I feel like you’ve significantly misrepresented the people who think AGI is 10-20 years away.
Two things you mention:
Notice that this a math problem, not an engineering problem...They’re sweeping all of the math work—all of the necessary algorithmic innovations—under the rug. As if that stuff will just fall into our lap, ready to copy into PyTorch.
But creative insights do not come on command. It’s not unheard of that a math problem remains open for 1000 years.
And with respect to scale maximialism, you write:
Some people say that we’ve already had the vast majority of the creative insights that are needed for AGI. For example, they argue that GPT-3 can be made into AGI with a little bit of tweaking and scaling...”But these can be solved with a layer of prompt engineering!” Give me a break. That’s obviously a brittle solution that does not address the underlying issues.
So—AGI is not (imo) a pure engineering problem as you define it, in a sense of “We have all the pieces, and just need to put them together”. Some people have suggested this, but a lot of sub-20-year timelines people don’t believe this. And I haven’t heard of anyone saying GPT-3 can be made into AGI with a bit of tweaking, scaling, and prompt engineering.
But I wouldn’t call it a math problem as you define it either, where we have no idea how to make progress and the problem is completely unsolvable until suddenly it isn’t. We have clearly made steady progress on deep learning, year after year, for at least the last decade. These include loads of algorithmic innovations which people went out and found, the same required innovations you claim we’re “sweeping under the rug”. We’re not sweeping them under the rug, we’re looking at the last ten years of progress and extrapolating it forward! We have solved problems that were thought impossible or highly intractable, like Go. We don’t know exactly how long the path is, but we can definitely look back and think there is a pretty solid probability we’re closer than we were last year. Maybe we need a paradigm shift to get AGI, and our current efforts will be dead ends. On the other hand, deep learning and transformers have both been paradigm shifts and they’ve happened in the last couple of decades—transformers are only a few years old. We could need two more paradigm shifts and still get them in the next 20 years.

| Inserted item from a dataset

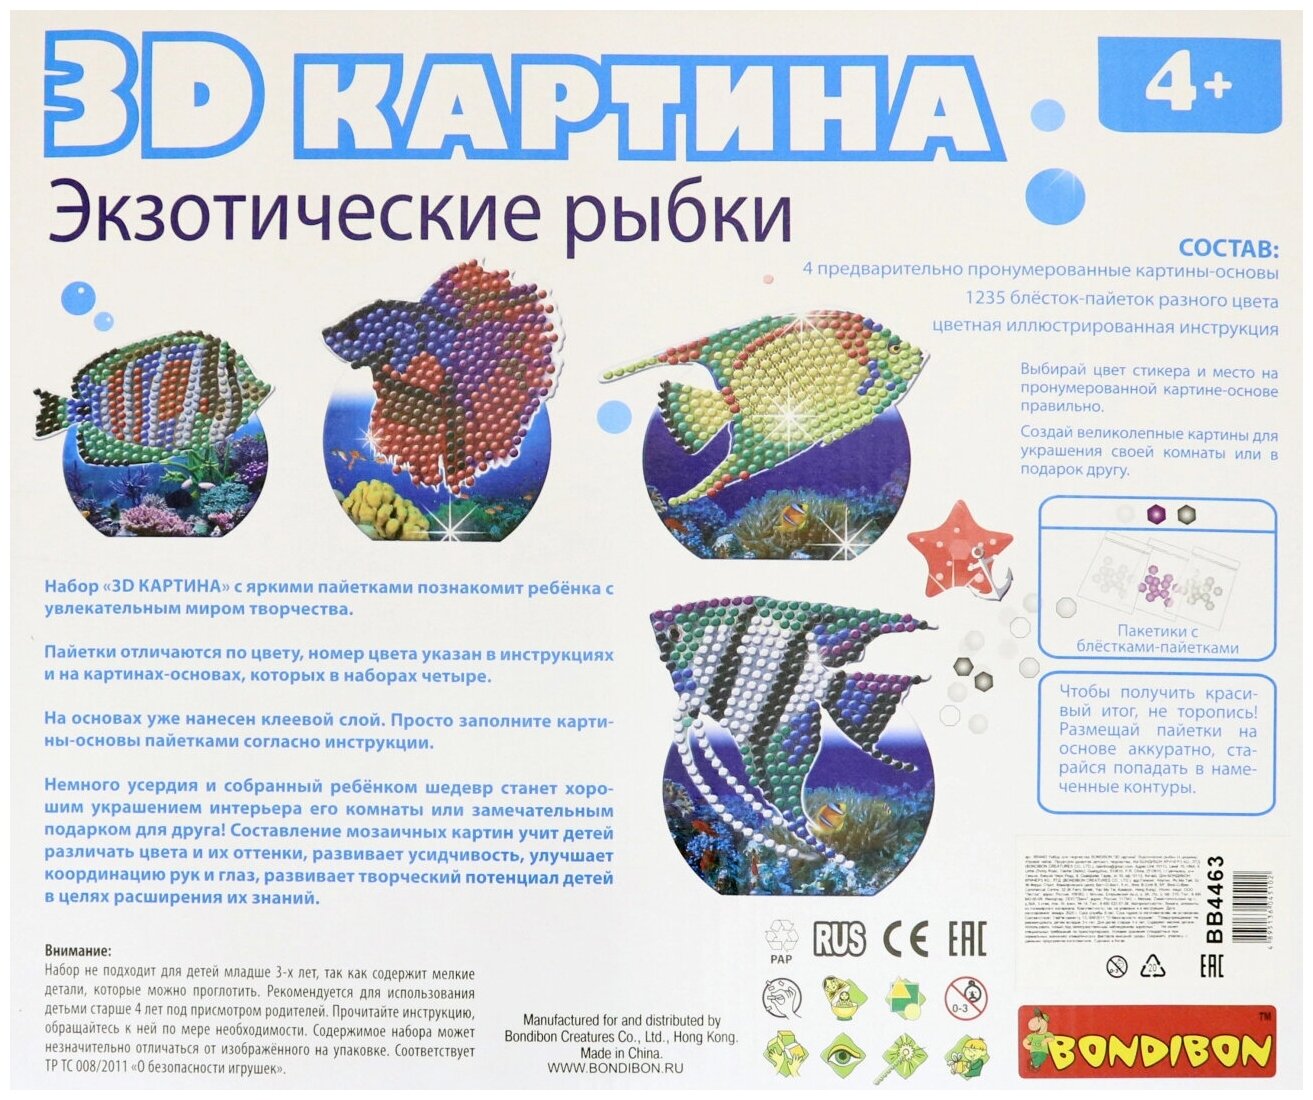 3D картина "Экзотические рыбки" 4 дизайна (ВВ4463) Bondibon - фото №10

The general argument I would make for <50 year timelines is this:
Over the last decade, we have been making incredibly fast progress, both in algorithms and in scaling, in deep learning.
Deep learning and transformers are both recent paradigm shifts that have led to huge capability increases in AI. We see no signs of this slowing down.
We have solved, or made massive progress on, multiple problems that people have previously predicted were highly intractable, despite not fundamentally understanding intelligence. (Go, natural language processing)
Given this, we can see that we’ve made fast progress, our current paradigms are scaling strongly, and we seem to have the ability to create paradigm shifts when needed. While this far from guarantees AI by 2040, or even 2070, it seems like there is a very plausible path to have AGI in this timeframe that I’d assign much more than 10% probability mass of.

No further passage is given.